- [RAW DATA]:
┄┄┄┄┄┄

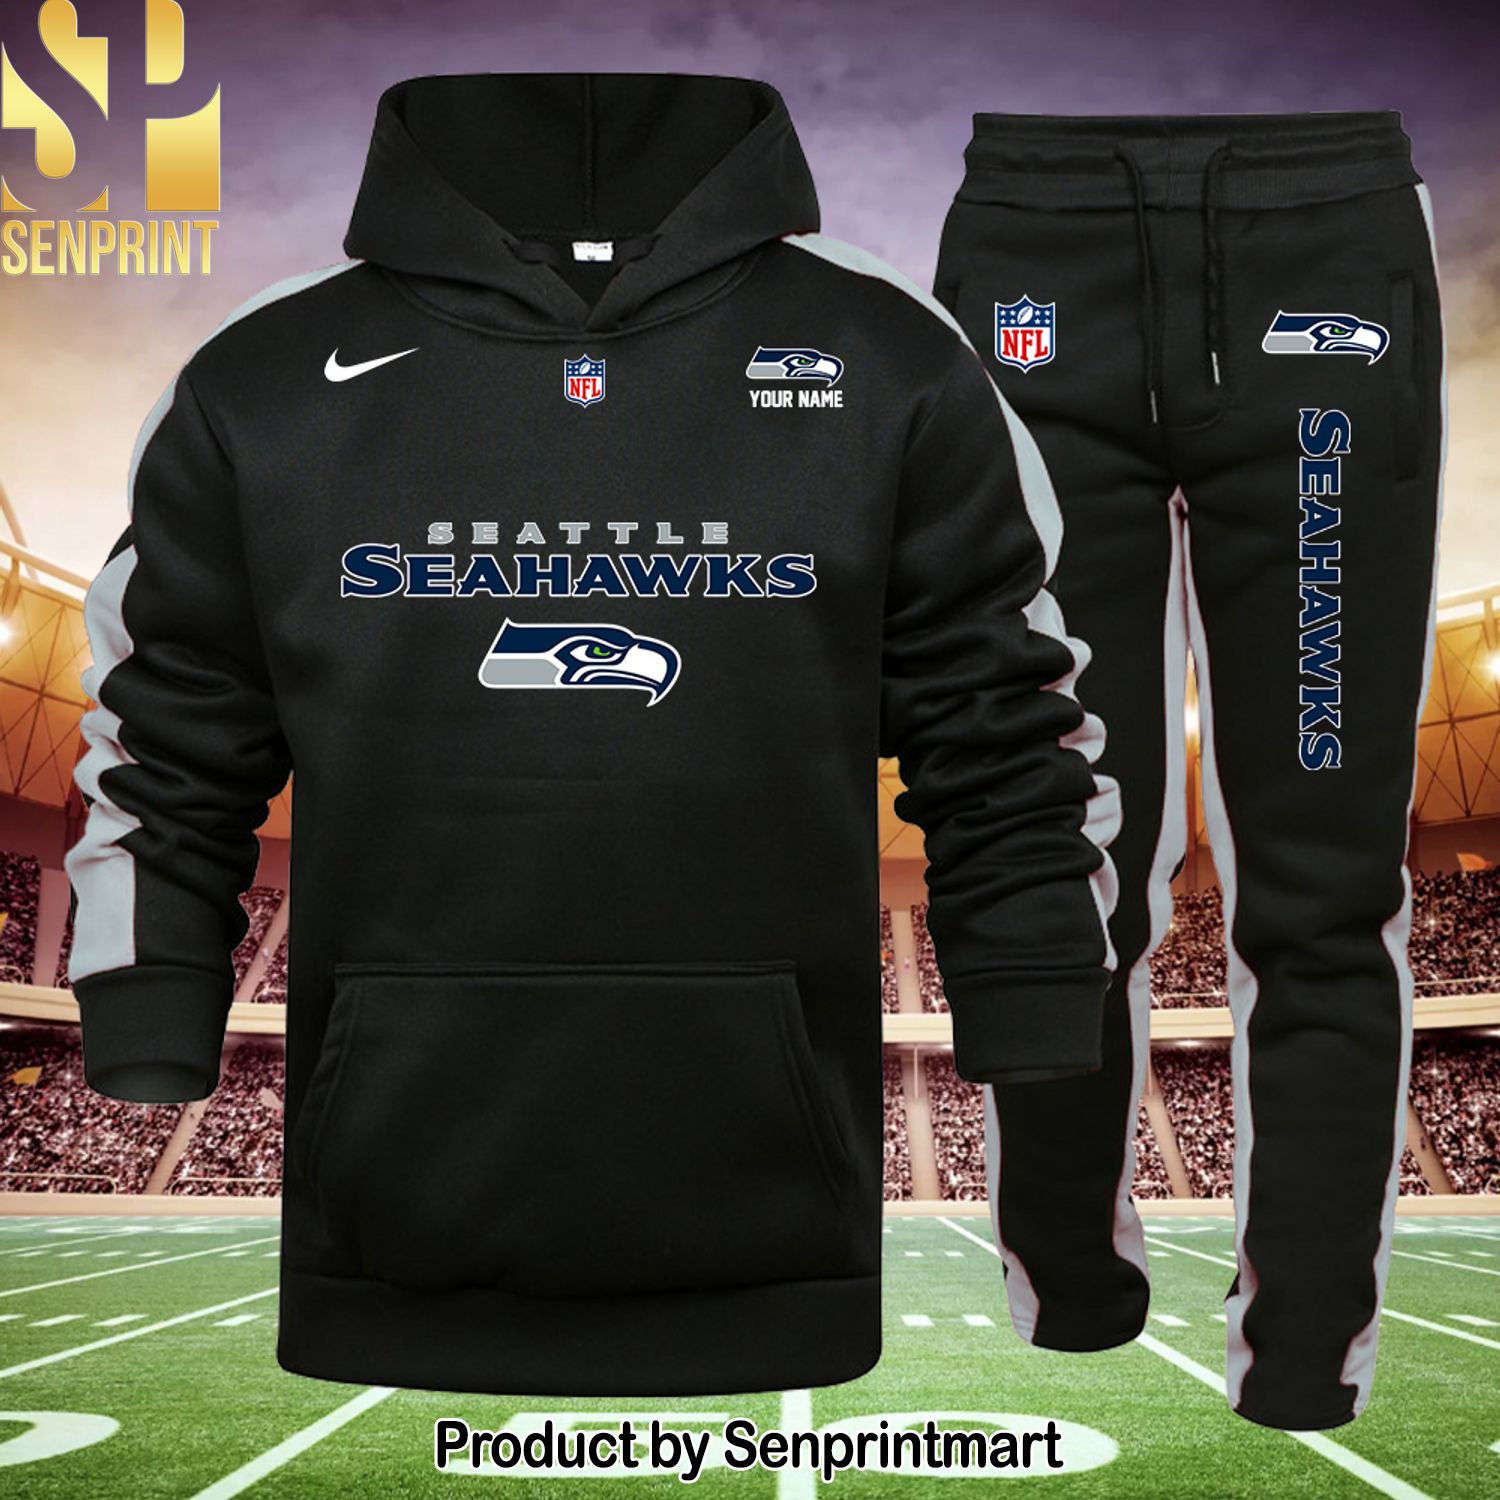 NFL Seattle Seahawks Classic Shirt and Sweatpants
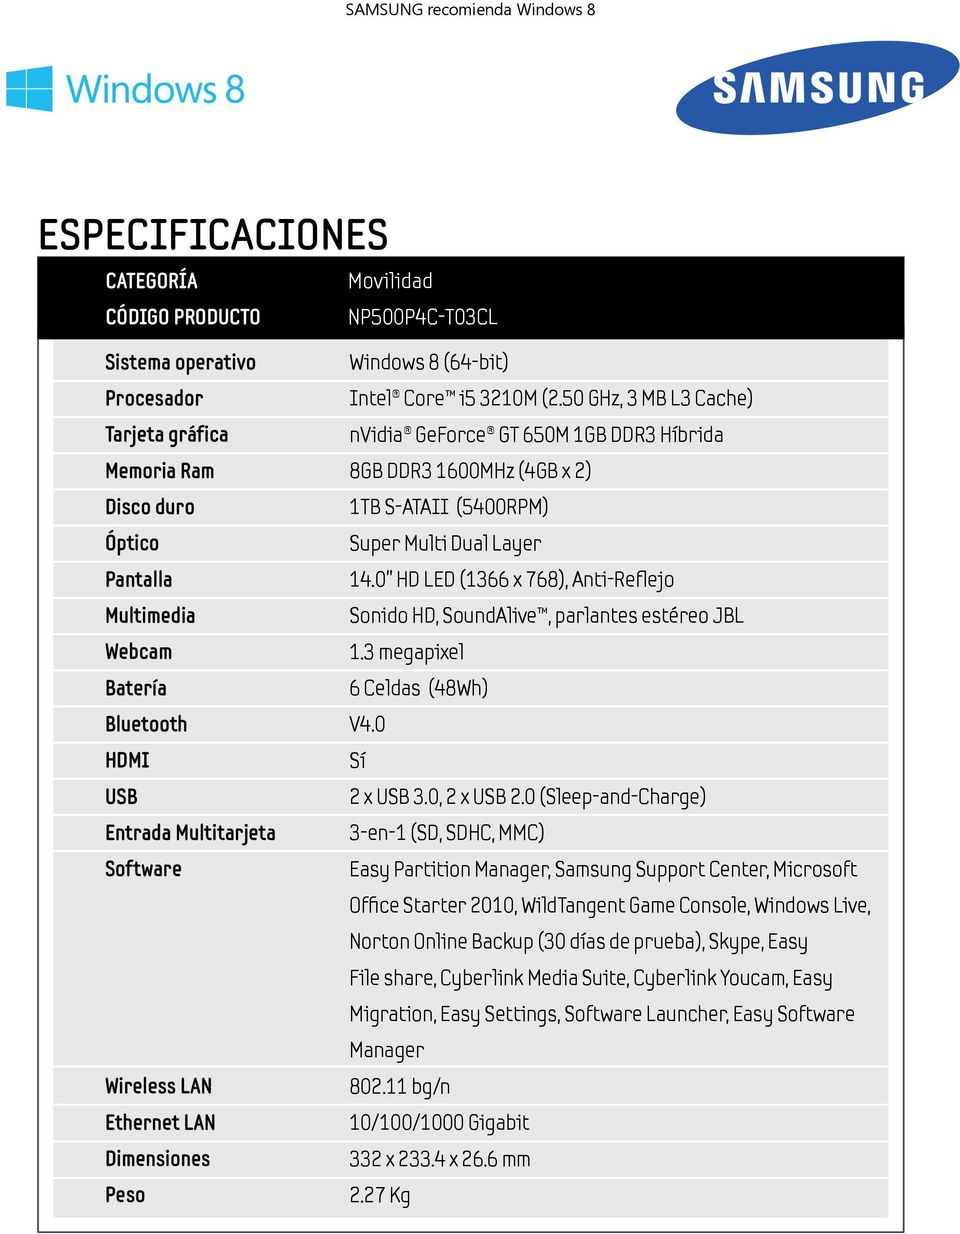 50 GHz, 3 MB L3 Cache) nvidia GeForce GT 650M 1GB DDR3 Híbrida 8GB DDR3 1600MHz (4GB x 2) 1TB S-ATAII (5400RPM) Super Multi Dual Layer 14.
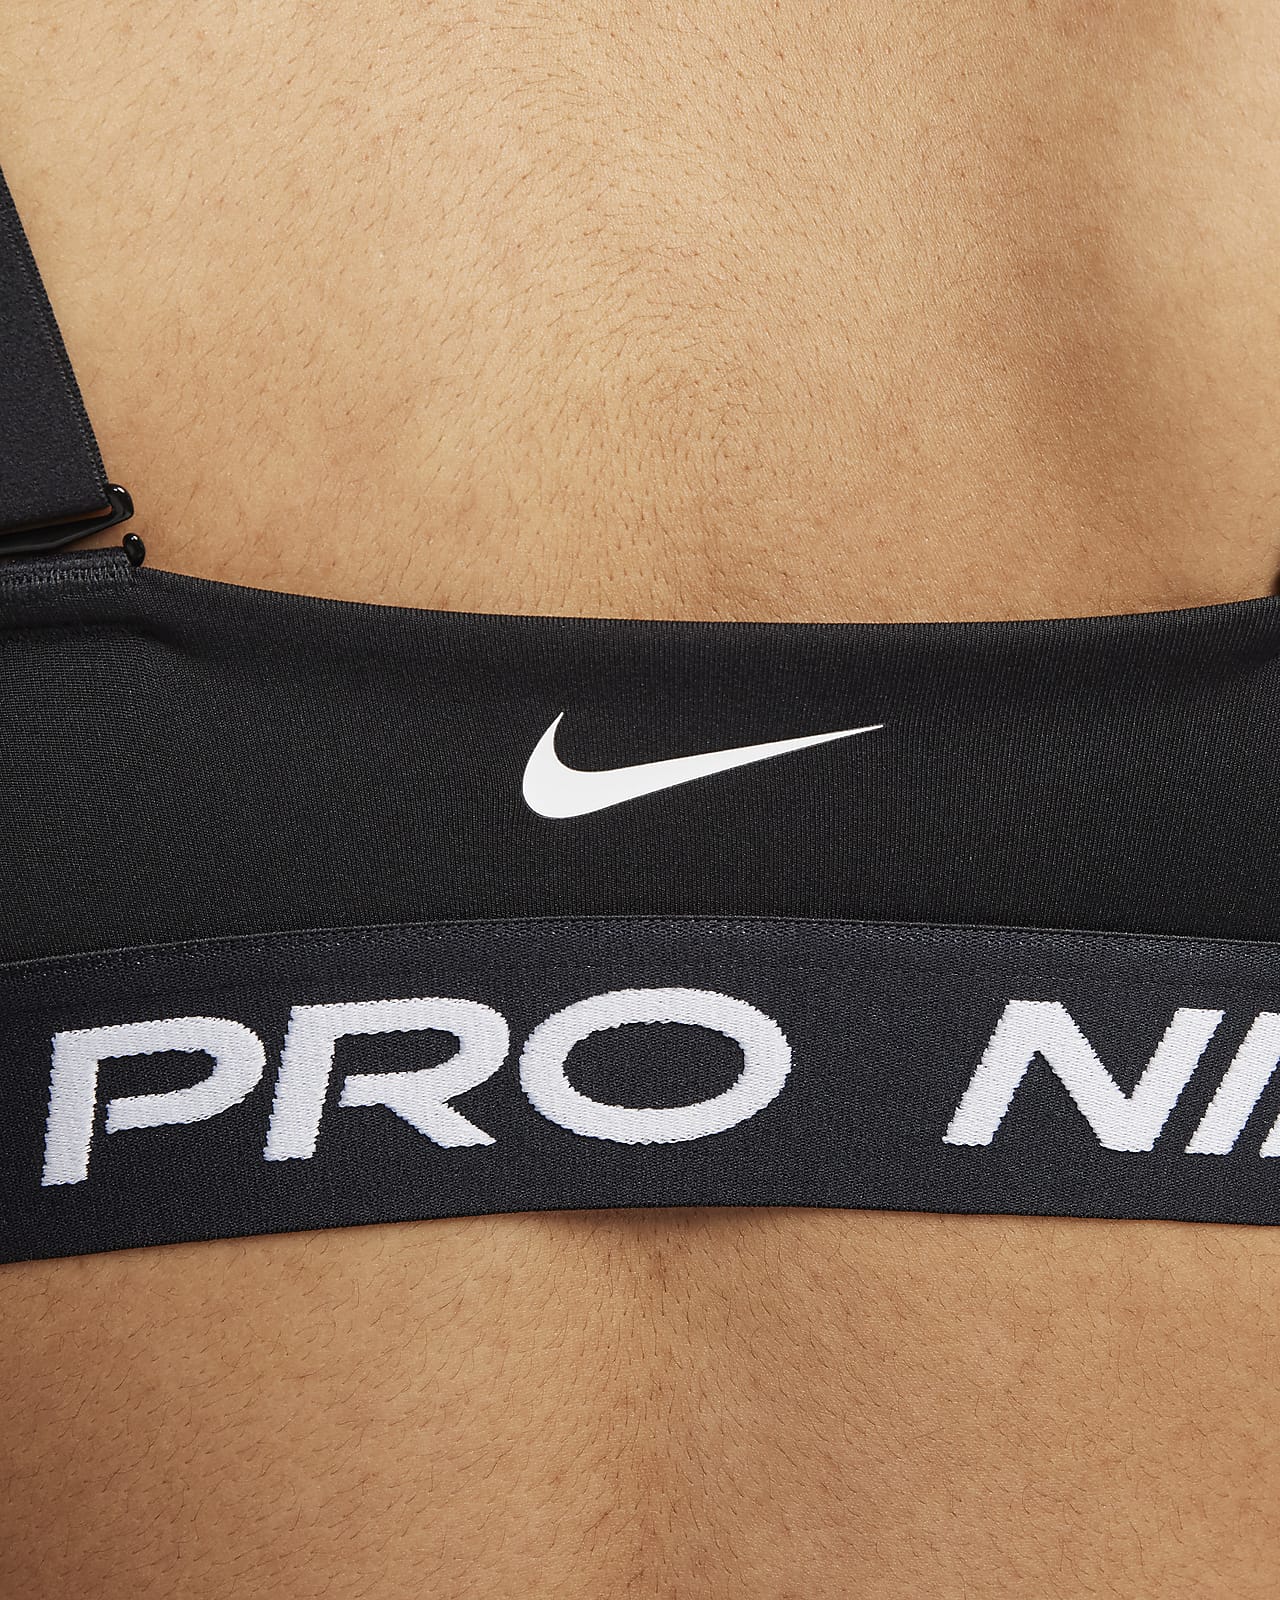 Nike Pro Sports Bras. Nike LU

┄┄┄┄┄┄

- [YOUR GOAL]: In your answer, copy exactly the lines running from the line with "50 GHz, 3 MB" to the end of the material above, both included, and omit all pictures.

- [ANSWER FOR THIS EXERCISE]:
 50 GHz, 3 MB L3 Cache) nvidia GeForce GT 650M 1GB DDR3 Híbrida 8GB DDR3 1600MHz (4GB x 2) 1TB S-ATAII (5400RPM) Super Multi Dual Layer 14.
 Nike Pro Sports Bras. Nike LU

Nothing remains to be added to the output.